How does the impact of a wage floor differ from that of a wage ceiling?

A wage floor (minimum wage) set above equilibrium creates a surplus of labor (unemployment). A wage ceiling set below equilibrium creates a shortage of labor.

What is the difference between the short-run and long-run effects of increased immigration on the labor market?

In the short run, increased immigration increases labor supply, potentially lowering wages. In the long run, increased demand for goods and services due to immigration may increase labor demand, offsetting wage decreases.

What is the difference between the effects of an increase in the supply of skilled labor versus an increase in the supply of unskilled labor?

An increase in the supply of skilled labor may decrease wages for skilled workers, while an increase in the supply of unskilled labor may decrease wages for unskilled workers.
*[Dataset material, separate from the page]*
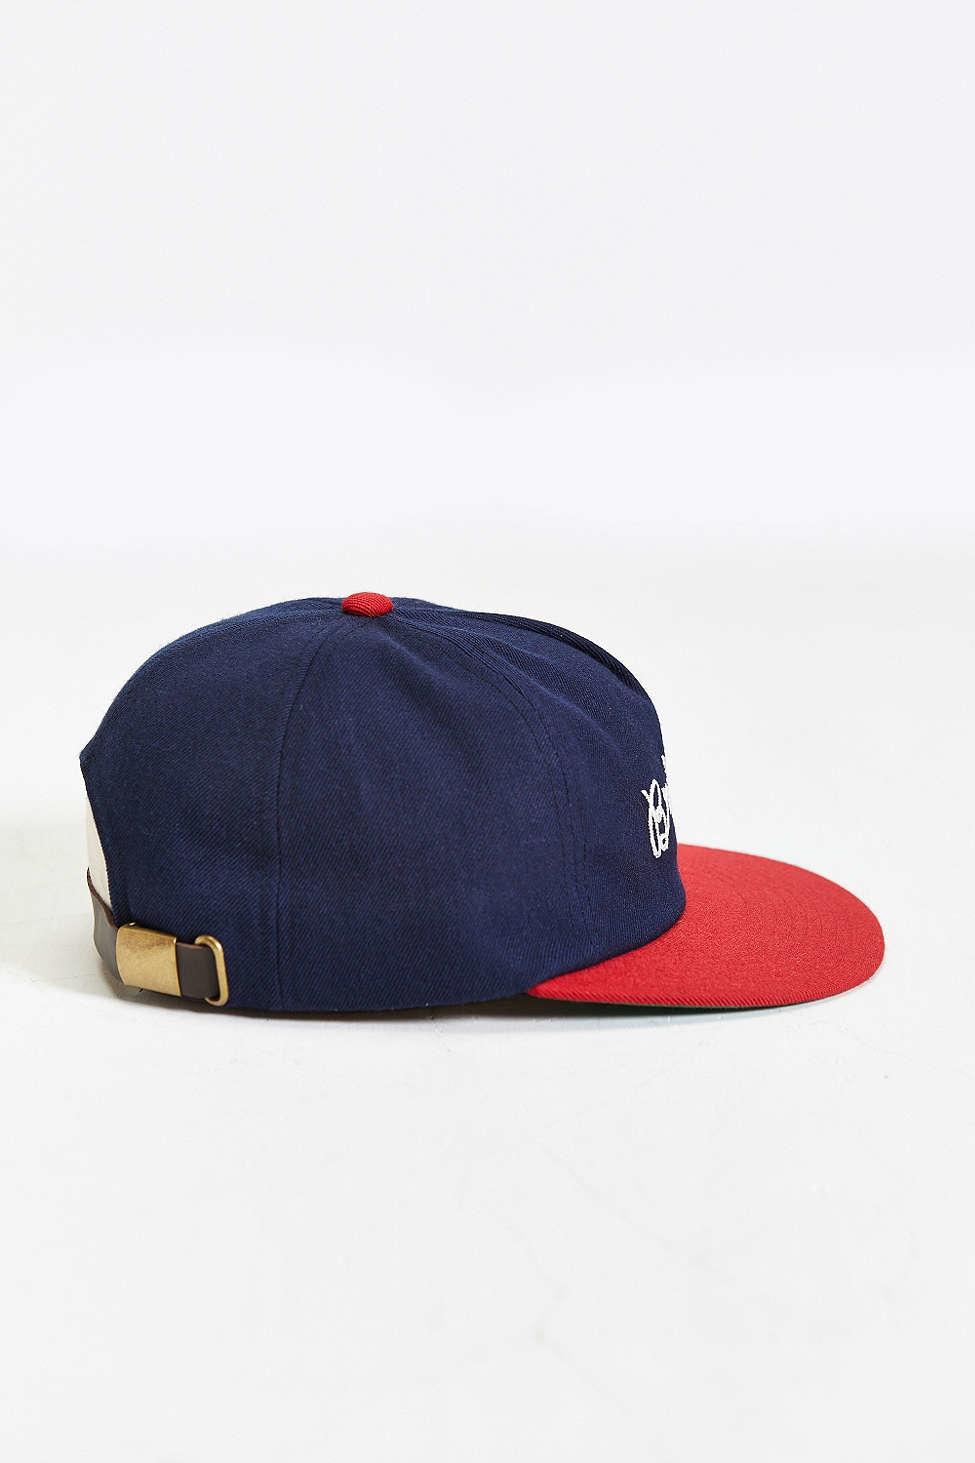 Brixton Robinson Strapback Hat in Blue - Lyst d9832c1c2d0

The overall impact depends on the relative demand for each type of labor.

What does an upward-sloping labor supply curve indicate?

Higher wages lead to more people willing to work.

What does a downward-sloping labor demand curve indicate?

Higher wages lead to firms hiring less labor.

On a labor market graph, what does the equilibrium point represent?

The market wage rate and the quantity of labor employed where labor supply equals labor demand.

On a labor market graph, what does a point above the equilibrium represent?

A surplus of labor, where the quantity of labor supplied is greater than the quantity of labor demanded.

On a labor market graph, what does a point below the equilibrium represent?

A shortage of labor, where the quantity of labor demanded is greater than the quantity of labor supplied.

What does a rightward shift of the labor demand curve indicate?

An increase in labor demand, meaning firms are willing to hire more workers at any given wage.

What does a leftward shift of the labor demand curve indicate?

A decrease in labor demand, meaning firms are willing to hire fewer workers at any given wage.

What does a rightward shift of the labor supply curve indicate?

An increase in labor supply, meaning more workers are willing to work at any given wage.

What does a leftward shift of the labor supply curve indicate?

A decrease in labor supply, meaning fewer workers are willing to work at any given wage.

How does a minimum wage above the equilibrium wage appear on a labor market graph?

As a horizontal line above the equilibrium point, creating a surplus of labor (unemployment).

Define factor supply.

The amount of labor workers are willing and able to offer at different wage rates.

Define factor demand.

The amount of labor firms are willing and able to hire at different wage rates.

Define labor supply.

The amount of labor workers are willing and able to offer at different wage rates.

Define labor demand.

The amount of labor firms are willing and able to hire at different wage rates.

What is a surplus of labor?

When the wage is too high, more people want to work than firms want to hire, potentially due to a wage floor.

What is a shortage of labor?

When the wage is too low, firms want to hire more people than are willing to work, potentially due to a wage ceiling.

Define substitute resources.

Resources that firms can use in place of each other.

Define complementary resources.

Resources that are used together in the production process.

What is the wealth effect?

The phenomenon where increased wealth may cause people to work less.

Define Factor Market Equilibrium.

The point where labor supply meets labor demand, determining the market wage rate and quantity of labor employed.